Notably, KLF7, with 4 variants present in 14 cases, was strongly associated with VTE in pregnancies. The rs17215792-AC, rs13035688-TA, rs6725221-CG and rs3214417-CA/C genotypes (OR > 1) were associated with increased risk of VTE in pregnant patients. It suggested that KLF7 may have an impact on VTE pathogenesis.
The KLF7 (Krüppel-like factor 7) gene is located on human chromosome 2q33.3and contains 11 exons according to the NCBI database. The KLF7 protein belongs to the Krüppel-like transcriptional regulator family, also known as ubiquitous Krüppel-like factor (UKLF), which plays an important role in regulating cell proliferation, differentiation, and survival. The KLF7 protein contains three C2H2 zinc fingers at the C-terminus that mediate binding to guanine-cytosine rich sites. The KLF7 protein is ubiquitously expressed in the bone marrow, endometrium, fat, and other various tissues.
In 1998, KLF7 was initially cloned from human vascular endothelial cells by PCR. According to its wide expression in various adult tissues, it was named the ubiquitous KLF by Matsumoto .

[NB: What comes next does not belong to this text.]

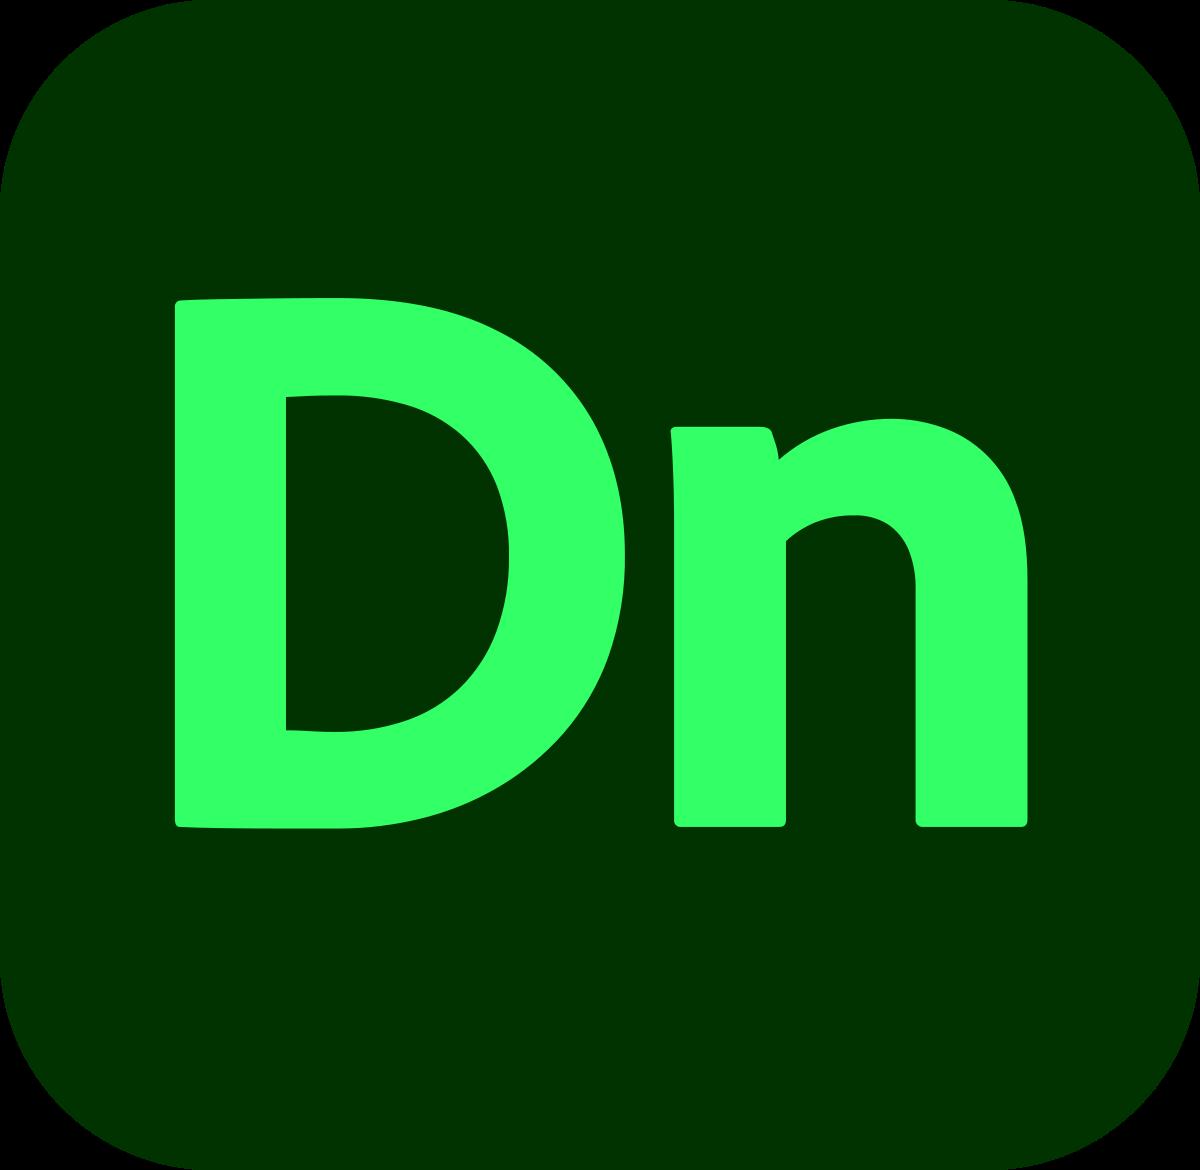 Adobe Dimension CC 2021 3.4.1 Crack Free Download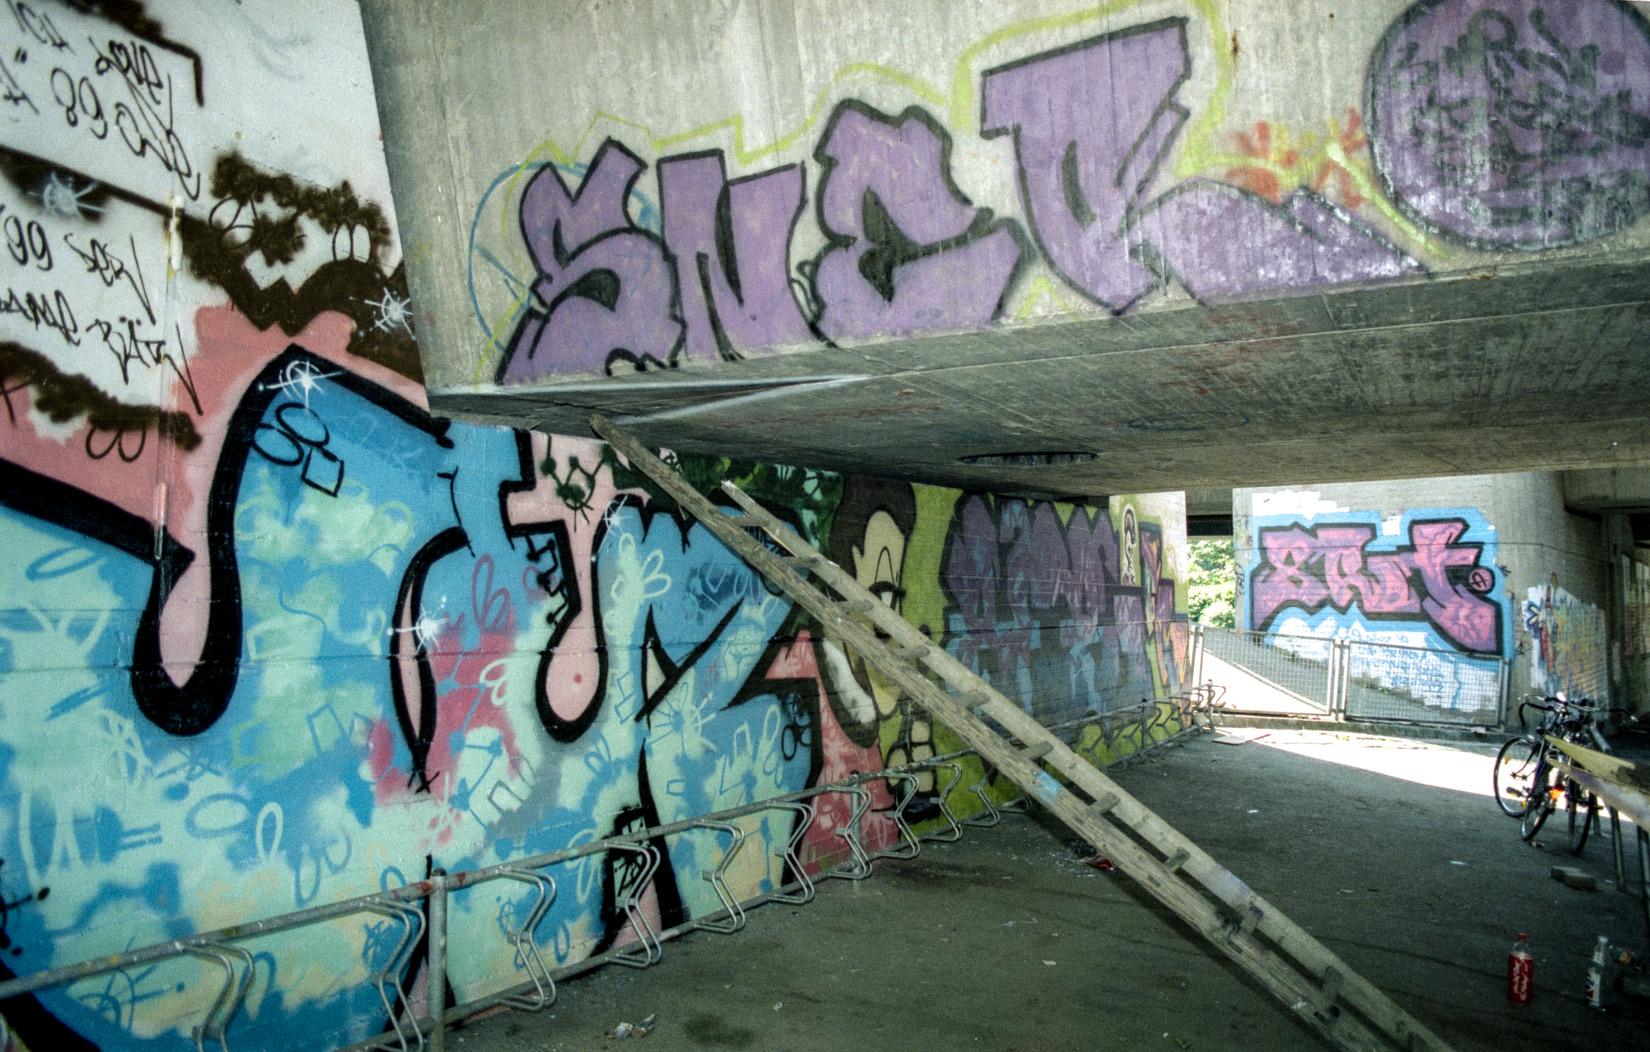 Frankfurt_Graffiti_1988_1989_H88_FRC (7 von 25)

Many factors of the Krüppel family (KLFs) participate in the physiological regulation of muscle cells. KLF7 plays an important role in regulating nerve development and myeloid cell proliferation and is expressed in skeletal muscles and myoblasts. A study found that KLF7 may affect the myoblast cell cycle.
In addition, variants of KLF7 have been previously reported to cause obesity and type 2 diabetes, involving fat cell differentiation [24, 25]. It was reported that KLF7 can regulate a number of genes related to fat synthesis and metabolism, including lipoprotein lipase (LPL) and leptin (LEP), which are known to be associated with VTE [26, 27].
KLF7 is also involved in coronary artery disease (CAD) . KLF7 may bind to the promoter region of CAD-associated genes (factor VII, platelet derived growth factor, leptin, and plasminogen) as shown by bioinformatics prediction. Moreover, KLF7 may play important roles in ischemic heart disease (IHD) with hypercholesterolemia, arterial hypertension, and type 2 diabetes .
These findings indicate that lipid metabolism genes, such as KLF7, may be involved in the formation of cardiovascular continuum comorbidity by regulating glucose and lipid metabolism.
In our study, 4 variants in KLF7 were all located in the 3’ UTR region. This indicates that these mutations may alter KLF7 expression by regulating its binding to the miRNA of fat or muscle function genes.
Therefore, further in-depth research is needed to explore how the KLF7 gene affects cardiovascular disease, as well as VTE, obesity, and glucose dysfunction disorders.